Most of my adult life I have been in Bay Head over July 4th weekend with my family. The Wimbledon Finals were the focus for me and my Dad, and we had our own version of Breakfast at Wimbledon ~ chairs pulled up close to the tv, coffee mugs in hand, and blueberries with cream. When Parker and James were little they joined us, but as my siblings families grew (there are six of us), so did the crowds in the house, which kept my own kids at home. We aren't crowd people.

This year Parker and I are celebrating Breakfast at Wimbledon in Room 827 at Central Texas Rehab Hospital here in Austin. I brought the blueberries, but no cream because it doesn't go along with Parker's "no-gallbladder-low-fat" diet. Where ever you are James, we miss you!

This is Day #3 at the rehab hospital. Parker has had several visitors from "down below," Lindsey from PT, Amy, Sherrie and Courtney from the 4th floor. These visits have done a lot to help Parker transition from IMC to rehab. Believe me, it is a totally different level of care up here. We knew it would be, the focus is on physical rehabilitation, but the change in nursing care is very obvious.

Here's an example: Yesterday I asked the nurse to look at the area under Parker's trach because it was really red and the gauze stained in red and brown.

Nurse: I don't do trach care.

Me: Can you ask the Respiratory Therapist to come look for me then?

RT: I don't do trach care.

Me: Then who does?

RT: She does, the nurse does it.

Nurse: I was told not to touch it.

RT: No, I was told not to touch his trach, that you were going to do it.

Nurse: I don't know how to do it.

RT: Well, I was told absolutely not to touch his trach.

Nurse: We never do trachs up here except Derrick and he isn't here.

RT: Well, I'm still not doing it. You're supposed to do it.

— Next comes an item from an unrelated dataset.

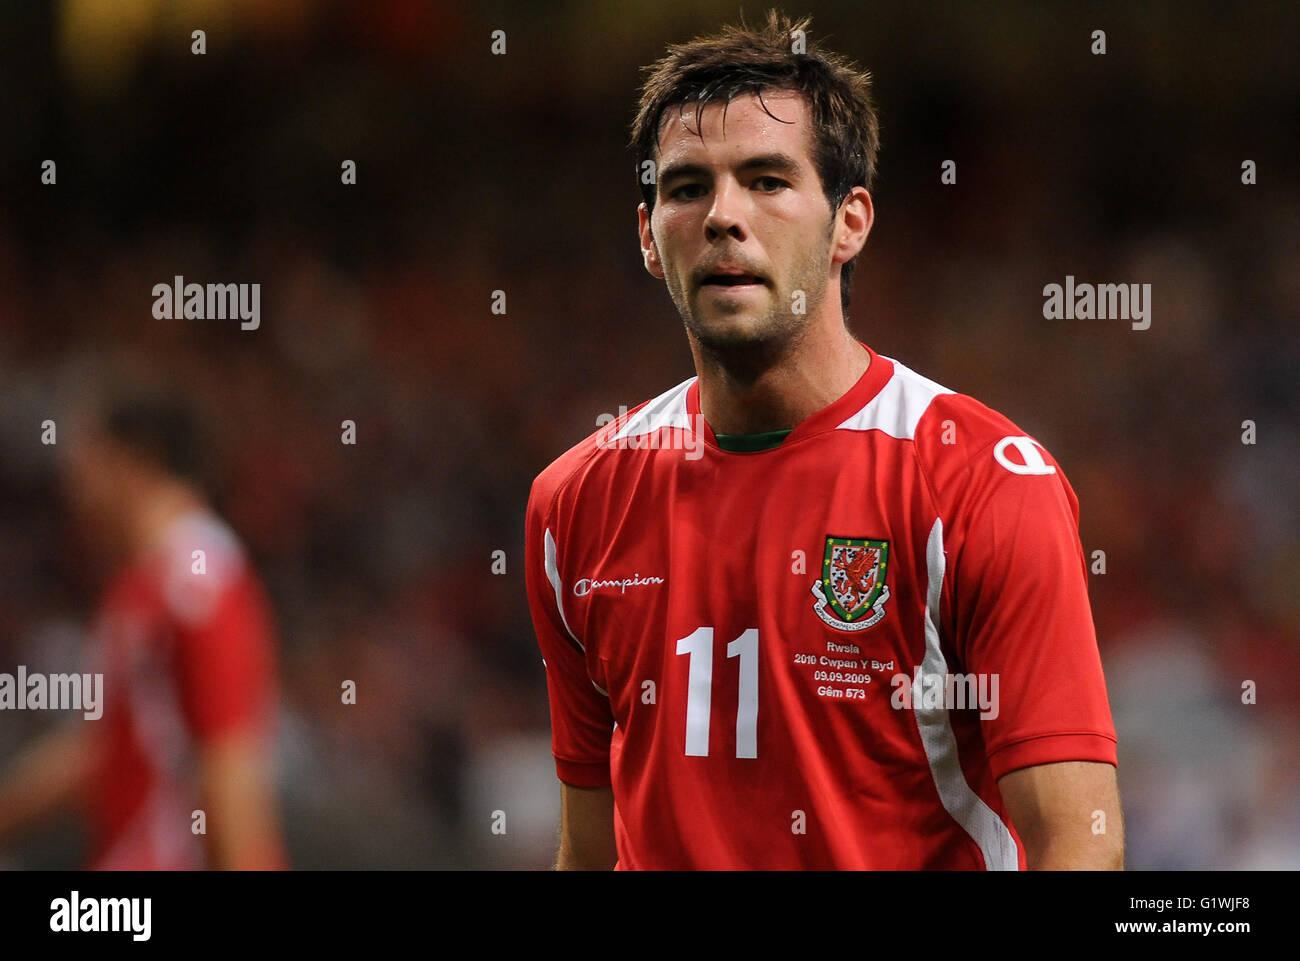 Joe Ledley Wales football player. - Stock Image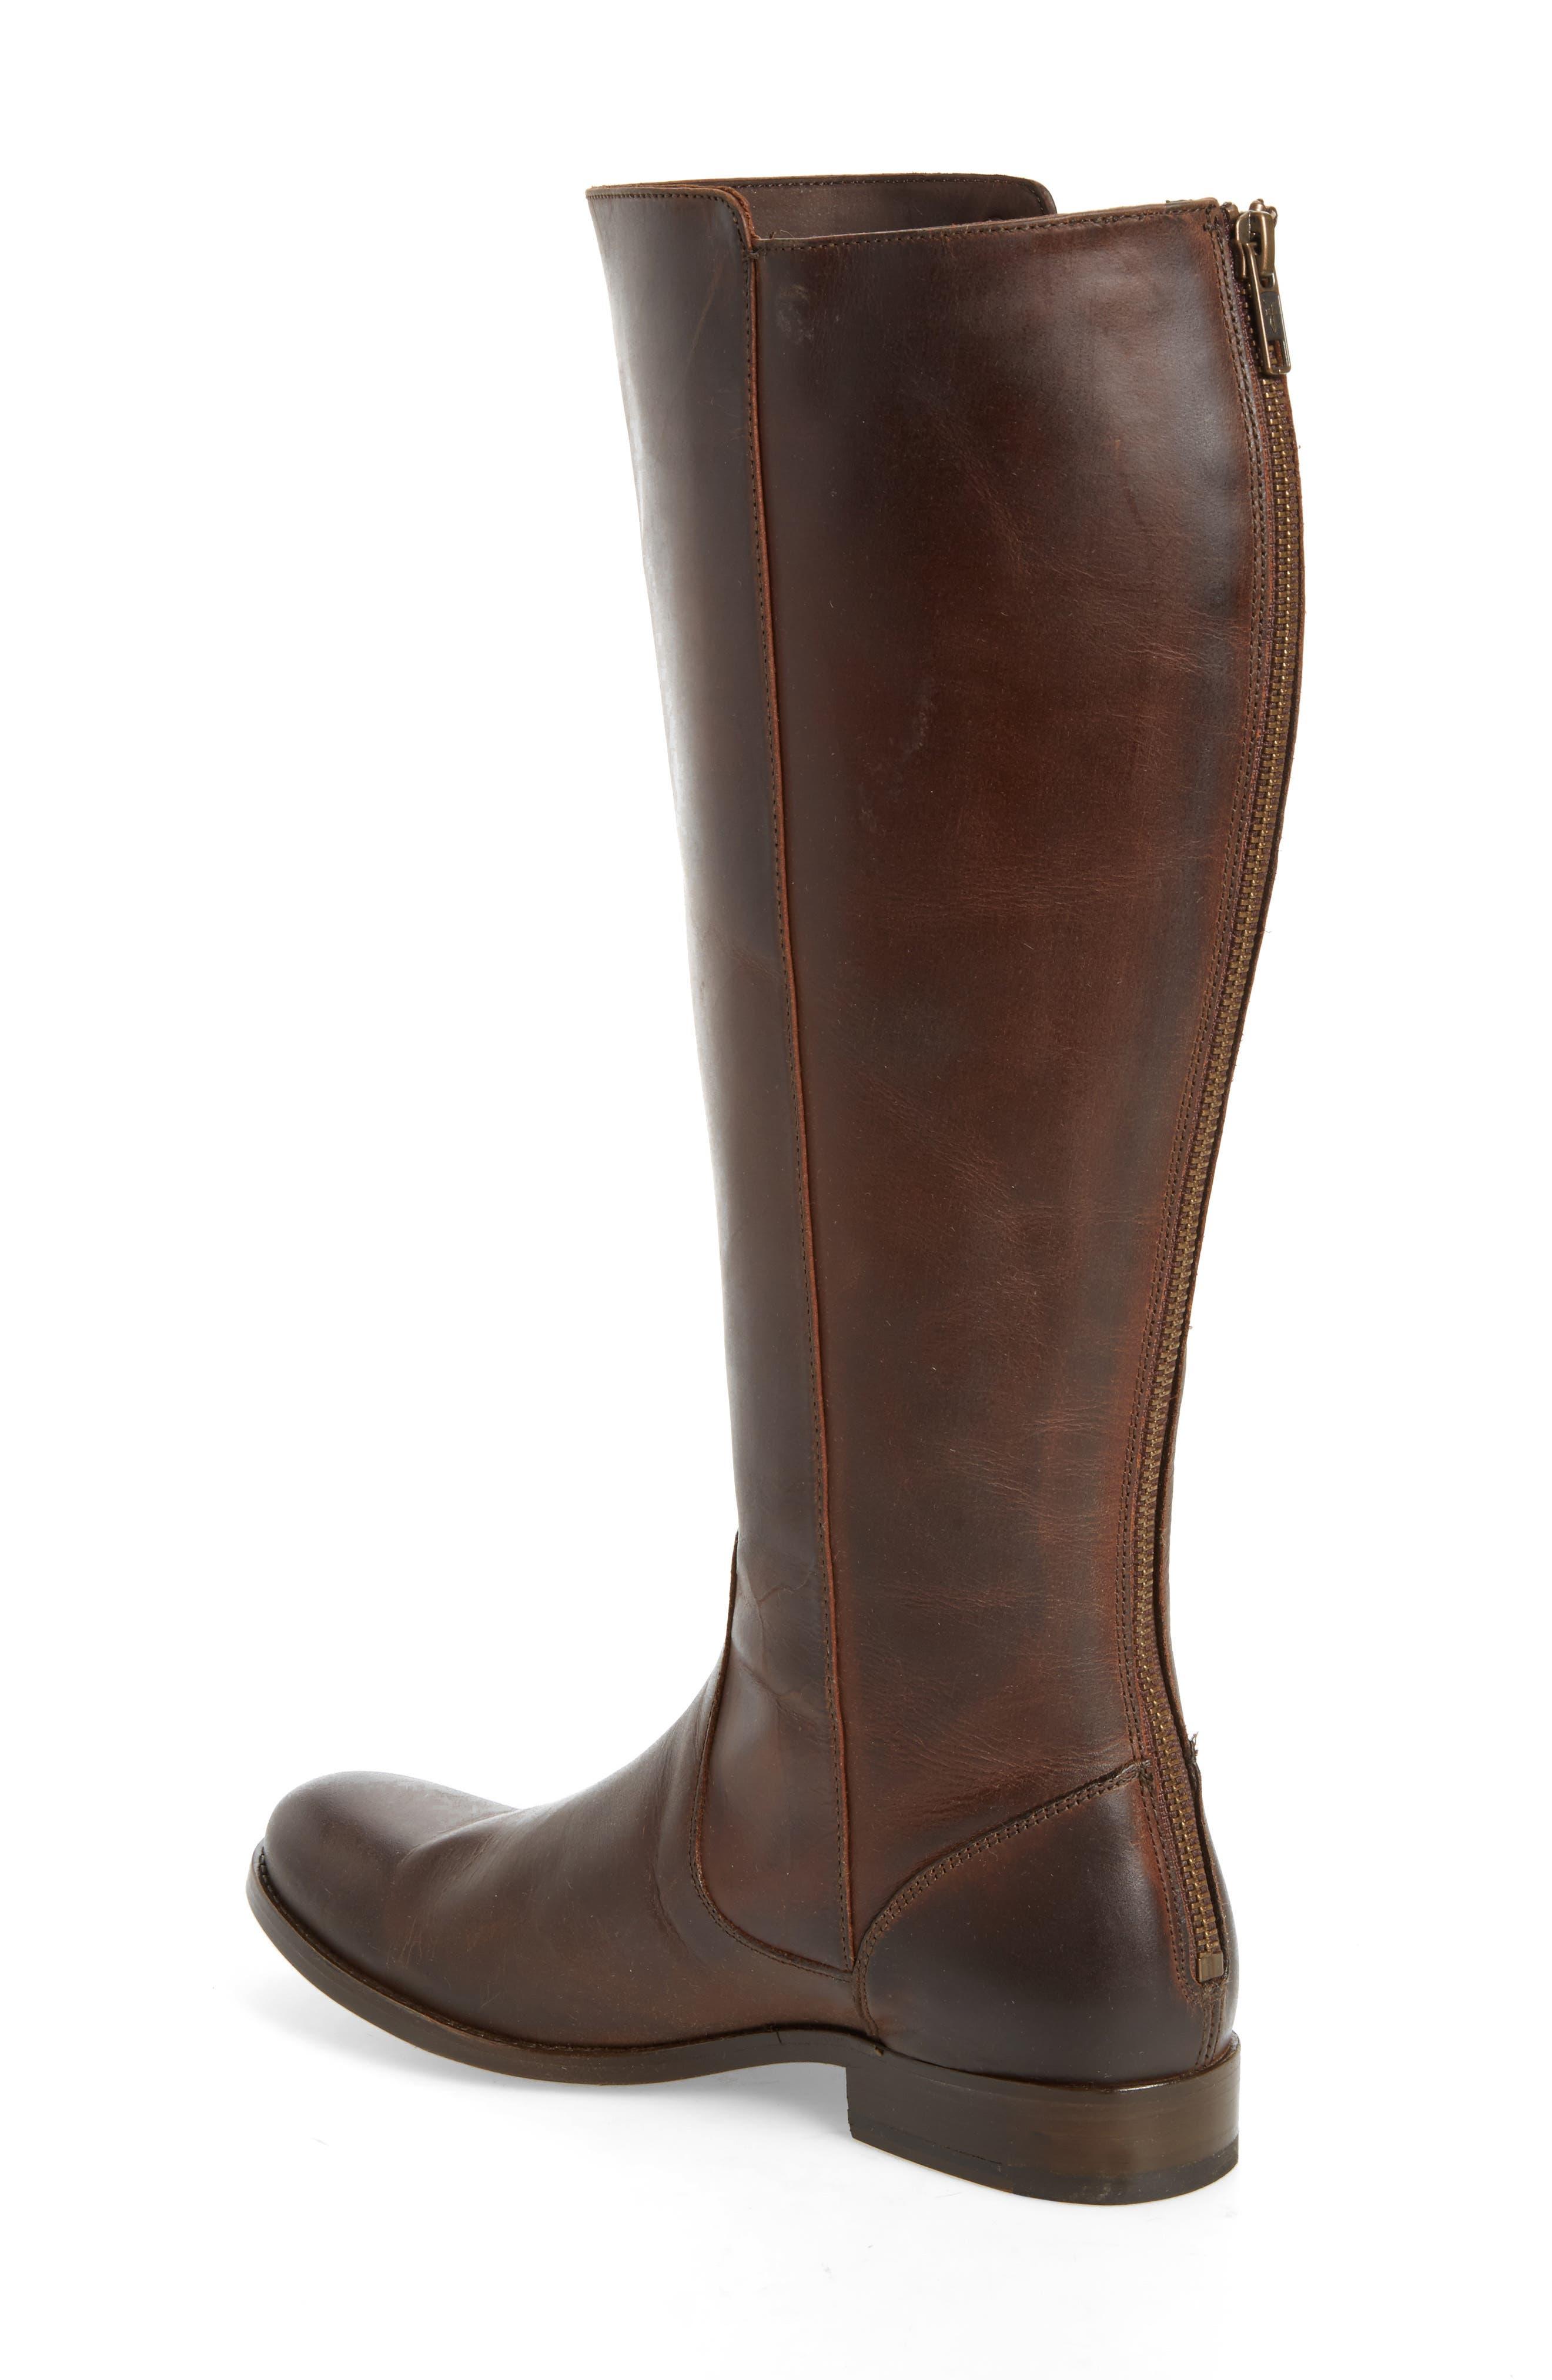 Melissa Stud Knee High Boot,                             Alternate thumbnail 2, color,                             Chocolate Leather

Me: Okay, both of you, out of here, I'll do it, go!

RT and Nurse as they are walking out of the room: I'm not supposed to do it; No, I'm not supposed to do it.....

So Parker and I did it. Today we found an RT we knew from downstairs and he came and cleaned it up for us. He did tell me the RT's aren't supposed to do it anymore "because they don't get paid for it," but he doesn't mind helping us out. Jeez! I'm thinking they have no clue how bad that looked.

With the exception of yesterday morning when Parker threw up, then had intestinal issues, followed by an emotional meltdown during PT, he has done very well here. He walked a total of 350' on Friday which was a record! He is working on the parallel bars on squats to strengthen his quads, doing side to side walking with me tossing a balloon back and forth to him (and yes, of course it popped!). He has dressed himself, walked with shoes, made his bed, and this morning he is getting his first shower since March. Yea for the shower!

His wound vac was changed yesterday morning. Below are two photos. The first is the wound on May 16th after a month of healing. He was in the middle of his first ileus, so his belly is bloated like a pregnant woman's, and he has the retention sutures in surrounding the wound. The second is how the wound looked yesterday when the PT Wound Care girl changed the vac. Huge difference in the depth of the wound. We are considering pushing up the skin graft surgery to get everything done sooner and give Parker more time to rest up before he returns to work.